Department of Biomedical Engineering, The Hong Kong Polytechnic University, Hung Hom, Kowloon, Hong Kong SAR, China.
SH Ho Scoliosis Research Lab, Joint Scoliosis Research Center of the Chinese University of Hong Kong and Nanjing University, Department of Orthopaedics and Traumatology, The Chinese University of Hong Kong, Shatin, Hong Kong.
Int J Comput Assist Radiol Surg. 2022 Dec;17(12):2239-2251. doi: 10.1007/s11548-022-02740-x. Epub 2022 Sep 9.
Bending Asymmetry Index (BAI) has been proposed to characterize the types of scoliotic curve in three-dimensional ultrasound imaging. Scolioscan has demonstrated its validity and reliability in scoliosis assessment with manual assessment-based X-ray imaging. The objective of this study is to investigate the ultrasound-derived BAI method to X-ray imaging of scoliosis, with supplementary information provided for the pre-surgery planning.
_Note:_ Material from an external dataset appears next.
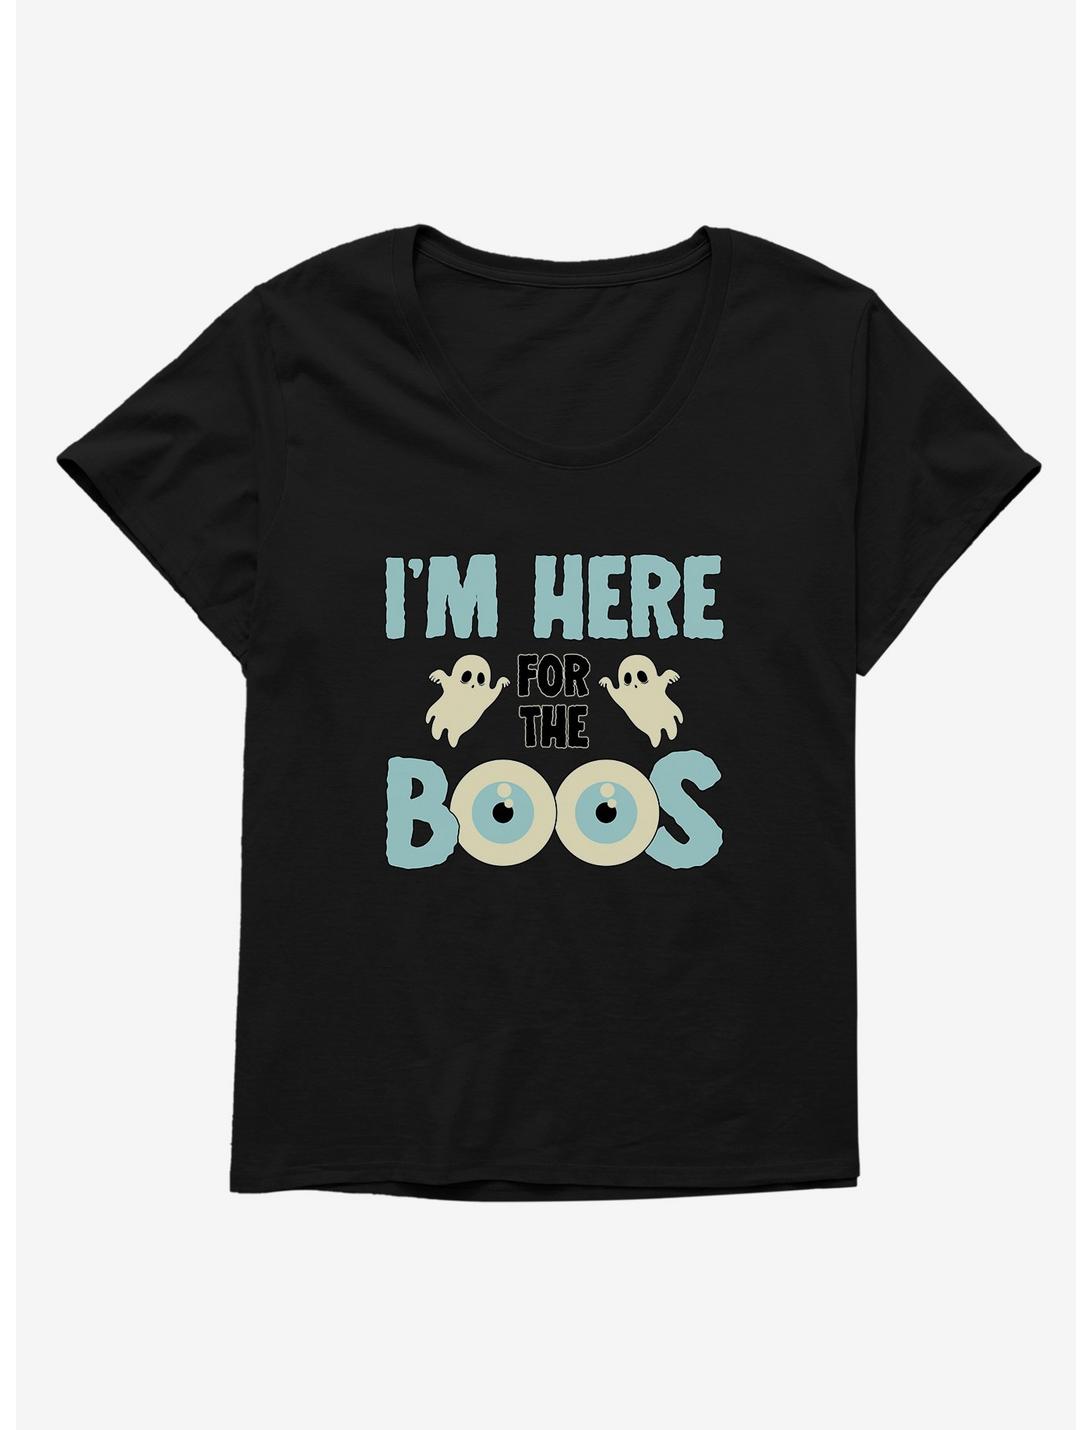 Halloween Here For The Boos Girls Plus Size T-Shirt, BLACK, hi-res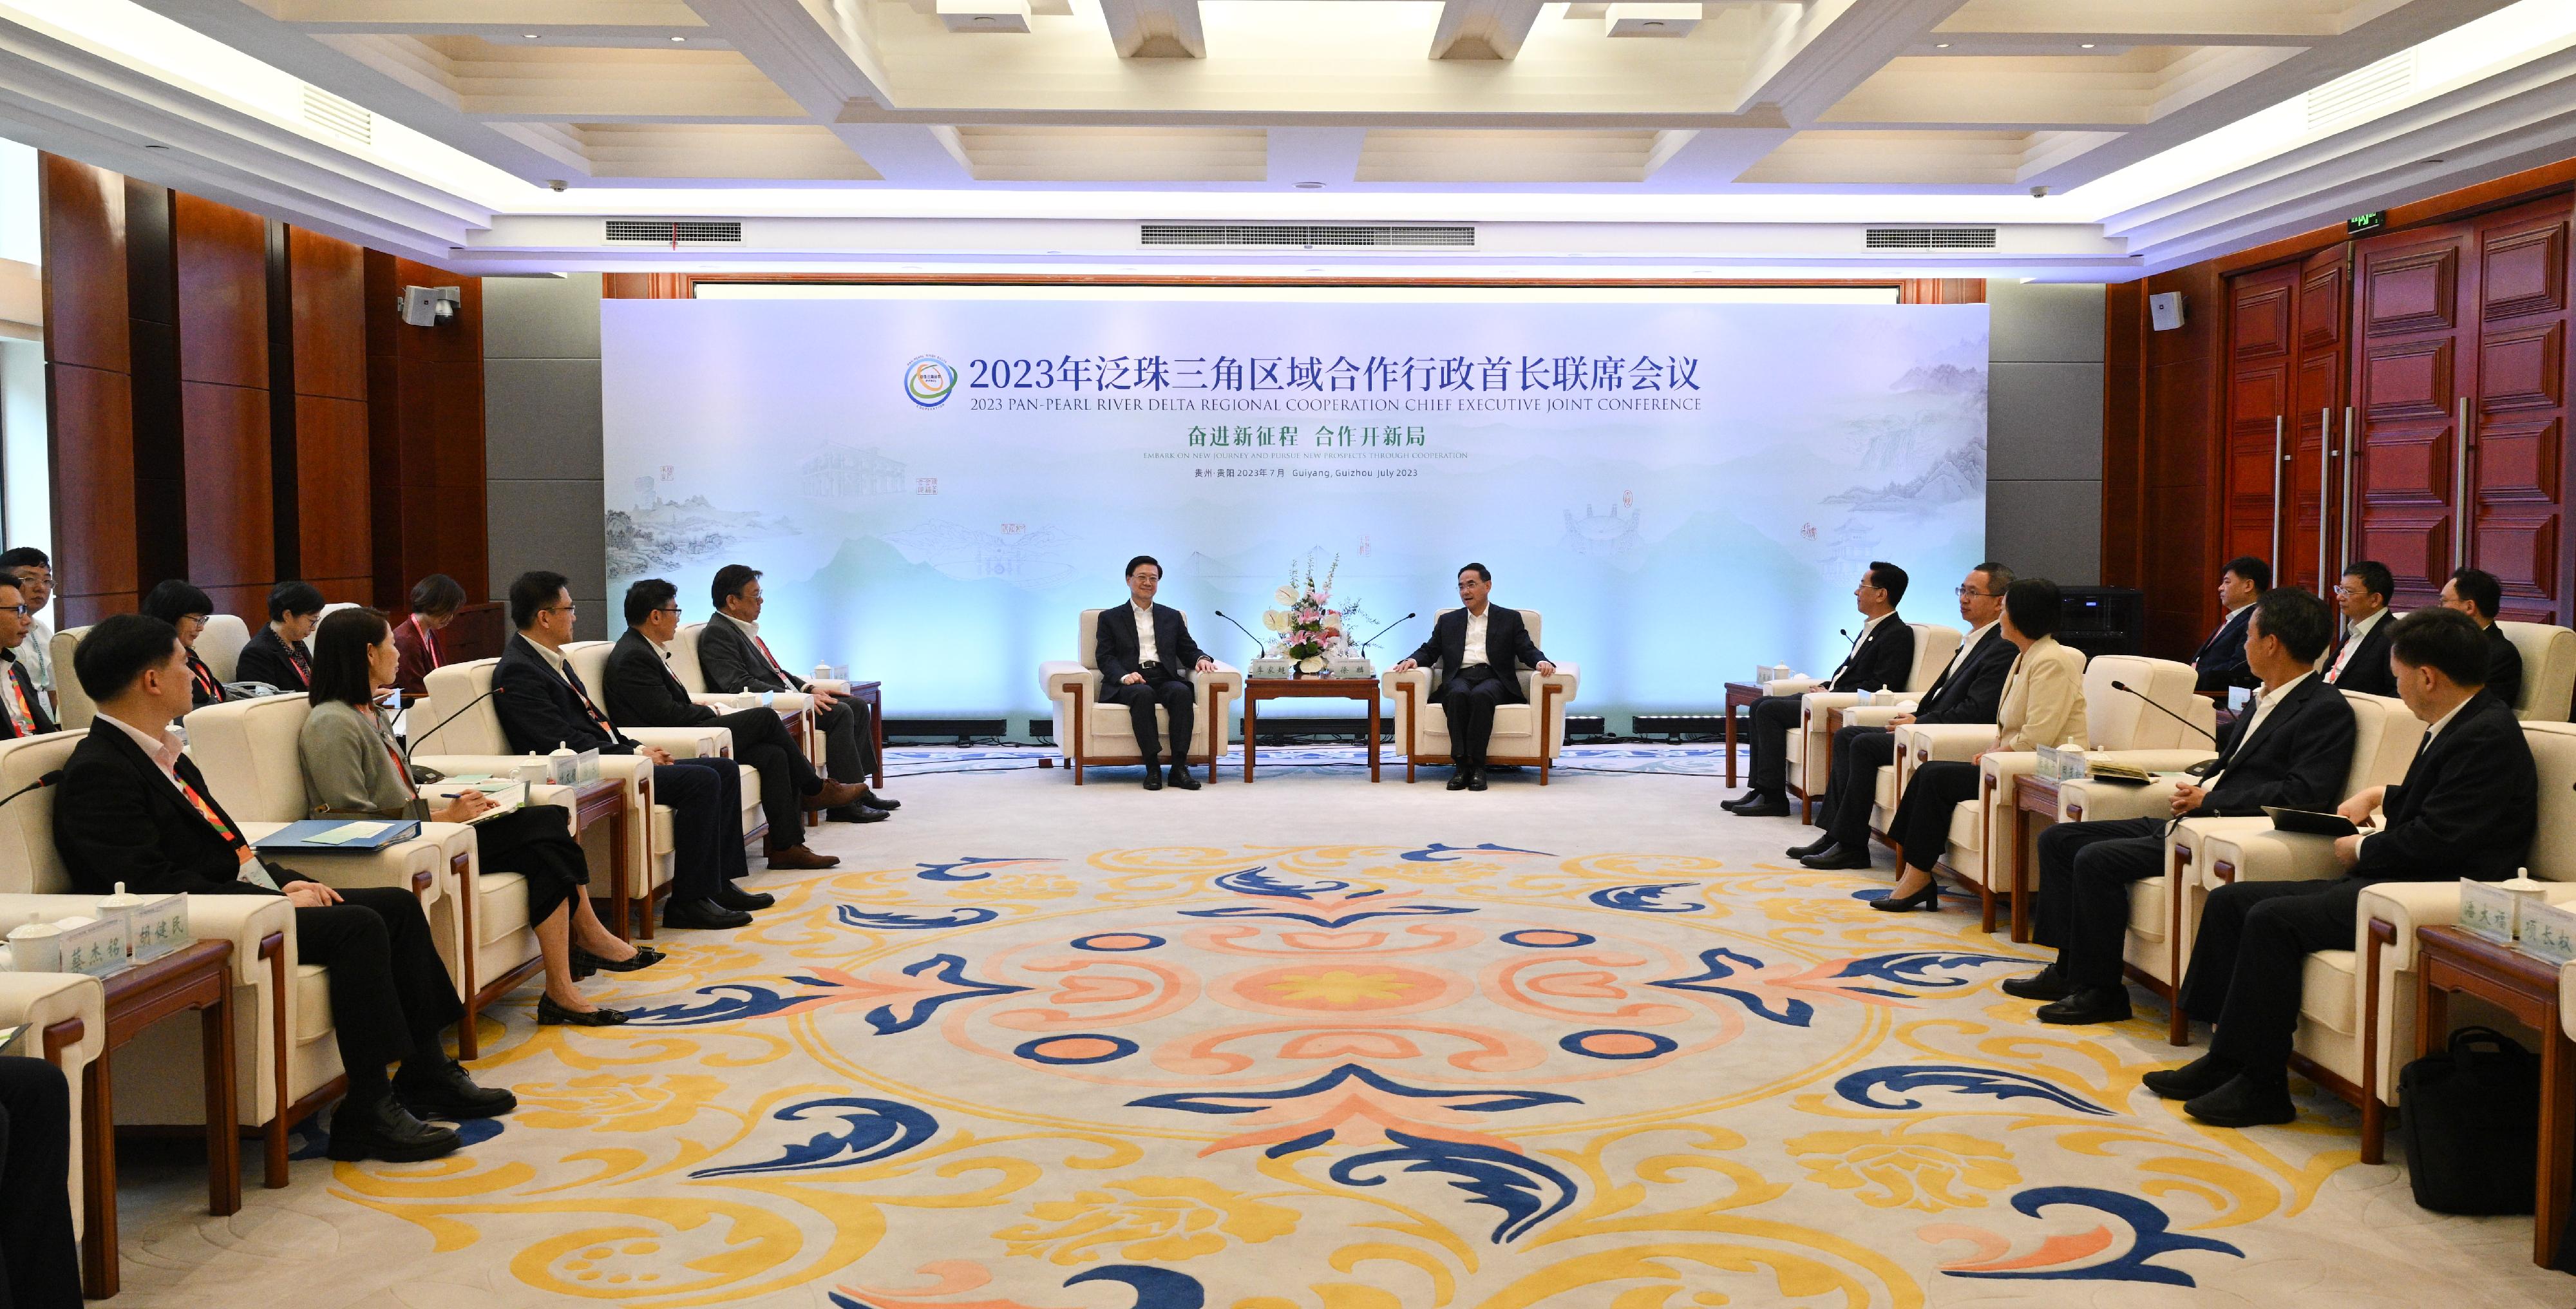 The Chief Executive, Mr John Lee, led a delegation to start his visit programme in Guiyang today (July 6). Photo shows Mr Lee (sixth left) meeting with the Secretary of the CPC Guizhou Provincial Committee and Director of the Standing Committee of the Guizhou Provincial People's Congress, Mr Xu Lin (sixth right), in Guiyang.

About 30 pre-surgery scoliosis subjects (9 males and 21 females; Cobb: 50.9 ± 19.7°, range 18°-115°) were investigated retrospectively. Each subject underwent three-posture X-ray scanning supine on a plain mattress on the same day. BAI is an indicator to distinguish structural or non-structural curves through the spine flexibility information obtained from lateral bending spinal profiles. BAI was calculated semi-automatically with manual annotation of vertebral centroids and pelvis level inclination adjustment. BAI classification was validated with the scoliotic curve type and traditional Lenke classification using side-bending Cobb angle measurement (S-Cobb).
82 curves from 30 pre-surgery scoliosis patients were included. The correlation coefficient was R = 0.730 (p < 0.05) between BAI and S-Cobb. In terms of scoliotic curve type classification, all curves were correctly classified; out of 30 subjects, 1 case was confirmed as misclassified when applying to Lenke classification earlier, thus has been adjusted.
BAI method has demonstrated its inter-modality versatility in X-ray imaging application. The curve type classification and the pre-surgery Lenke classification both indicated promising performances upon the exploratory dataset. A fully-automated of BAI measurement is surely an interesting direction to continue our endeavor. Deep learning on the vertebral-level segmentation should be involved in further study.
弯曲不对称指数(BAI)已被提出用于在三维超声成像中描述脊柱侧弯的类型。Scolioscan 已在基于手动评估的 X 射线成像的脊柱侧弯评估中证明了其有效性和可靠性。本研究的目的是研究超声衍生的 BAI 方法与 X 射线成像的脊柱侧弯,为术前计划提供补充信息。
回顾性调查了约 30 例术前脊柱侧弯患者(男性 9 例,女性 21 例;Cobb 角:50.9±19.7°,范围 18°-115°)。每位患者在同一天仰卧于普通床垫上进行三种体位 X 射线扫描。BAI 是一种通过从侧屈脊柱轮廓获得的脊柱灵活性信息来区分结构性或非结构性曲线的指标。BAI 通过手动注释椎骨中心点和骨盆水平倾斜度调整半自动计算。使用侧屈 Cobb 角测量(S-Cobb),通过 BAI 分类与脊柱侧弯曲线类型和传统 Lenke 分类进行验证。
30 例术前脊柱侧弯患者的 82 条曲线被纳入研究。BAI 和 S-Cobb 之间的相关系数为 R=0.730(p<0.05)。在脊柱侧弯曲线类型分类方面,所有曲线均被正确分类;在 30 例患者中,1 例在应用 Lenke 分类时被确认为分类错误,因此进行了调整。
BAI 方法已证明其在 X 射线成像应用中的跨模态通用性。曲线类型分类和术前 Lenke 分类都在探索性数据集上表现出了有前景的性能。BAI 测量的完全自动化无疑是一个有趣的研究方向。在进一步的研究中应涉及基于椎体级别的分割的深度学习。